A summary of steps taken since 2018 includes:

  • Commissioning an independent clinical psychologist to advise the Board and prepare a set of protocols, which were peer-reviewed by independent experts both here and in Australia. The protocols set out best-practice abuse prevention and outlined processes to follow should a former or current student come forward with a complaint about physical, emotional or sexual abuse.
  • Appointing a Protection & Response Committee of senior School management to oversee and implement the programmes and institutional culture required to give effect to the protocols and enhance the safety of our current students.
  • Establishing an independent Listening Service for Old Boys to access professional counselling services as well as psychological therapy and support, at no cost to Old Boys. To date, more than 100 people have accessed this confidential service, and 68 have received fully funded therapy.
  • Making safety improvements to our buildings.
  • Adopting new policies and processes for safeguarding, recruitment, staff training, student education and response to reports of abuse.
  • Sharing information with the NZ Police - which was the catalyst for Operation Beverly and this was acknowledged by Detective Senior Sergeant Geoff Baber when giving evidence at a recent trial.
  • Supporting Old Boys wanting to contact the Police and the Royal Commission of Inquiry into Abuse in Care about any experiences from their time at Dilworth. We have continued to co-operate with the Royal Commission of Inquiry into Abuse in Care and the NZ Police.
  • Requesting through the courts not to have the School’s name suppressed in connection with Operation Beverly proceedings as we wanted to discuss our response to historical abuse openly within our School community and with Old Boys.  We have also agreed to the lifting of historical orders suppressing the School's name, provided consent to do so has been given by the complainant Old Boy survivor.
  • Providing specific educational training for staff and students on the protocols reinforcing that abuse in any form, be it physical, emotional or sexual, is not tolerated or permitted at Dilworth.
  • Embarking in 2018 on a School-wide change programme with a focus on student safety, student voice and parental involvement at its core.
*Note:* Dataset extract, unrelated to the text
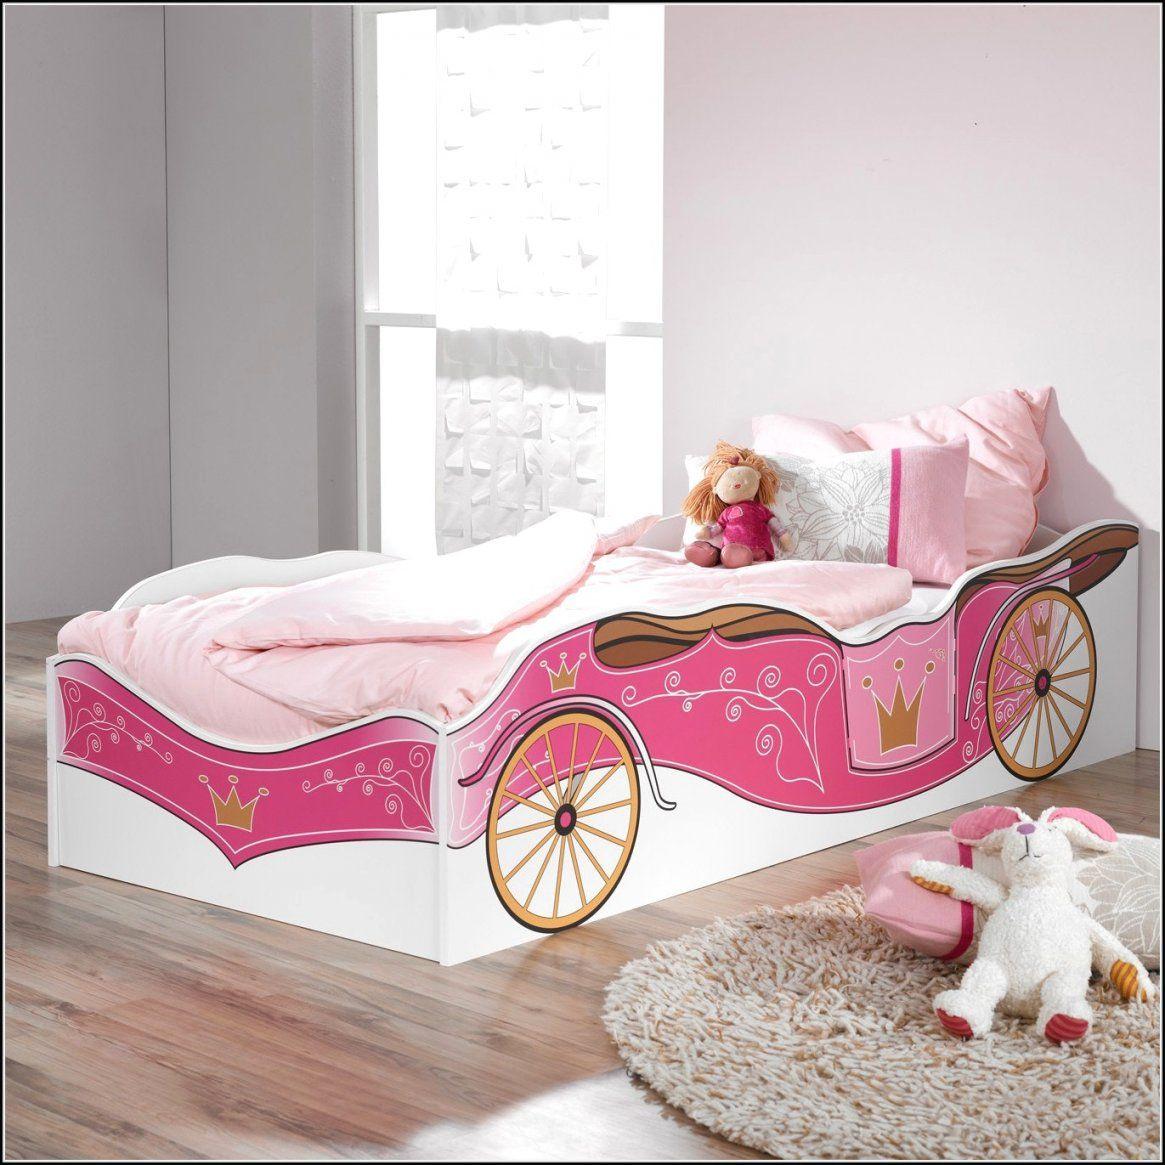 Bezaubernde Ideen Prinzessin Bett Kutsche Und Bemerkenswerte Selber von Prinzessin Bett Selber Bauen Bild

We have implemented Stymie, an app to enable students to report any concerns they have at school.
  • Establishing an Independent Inquiry, to be led by the Hon. Dame Silvia Cartwright ONZ PCNZM DBE QSO DStJ and Co-Inquirer Frances Joychild QC, and an independent Redress Programme, the details of which will be announced later this month. We are fully committed to learning from the Independent Inquiry’s findings and implementing its recommendations, as well as to ensuring the Redress Programme brings meaningful resolution and redress to Old Boy survivors and their families.
  • Developing a Redress Programme, which will be the first in New Zealand, to provide Old Boy survivors with redress. The Board has received and taken into account extensive feedback on the Programme’s proposed Terms of Reference from Old Boy survivors, those affected by abuse, and the wider Dilworth community, as well as substantive contributions from legal representatives of survivors.
  • Initially, the Independent Inquiry and the Redress Programme will run concurrently – however the Redress Programme Panel will have the ability to closely consider the Inquiry’s findings as it makes its determinations.
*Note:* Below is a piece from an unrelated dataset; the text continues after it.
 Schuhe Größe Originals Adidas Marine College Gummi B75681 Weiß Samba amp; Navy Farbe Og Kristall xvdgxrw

Further details about the Redress Programme and its finalised Terms of Reference, including the quantum of financial redress, will be shared when the Programme is launched at the end of this month. While we cannot undo the harm done to Old Boy survivors, the Trustees are committed to providing meaningful redress to Old Boy survivors and to ensuring the well-being and protection of our current students by providing a school environment that is safe and nurturing.

You can find more information about our response to historical abuse at www.dilworthresponse.org.nz including the Independent Inquiry Terms of Reference, FAQs and our earlier public statements.

I hope this information is helpful as you consider your approach to framing our response to historical abuse. Thank you again for the offer to respond.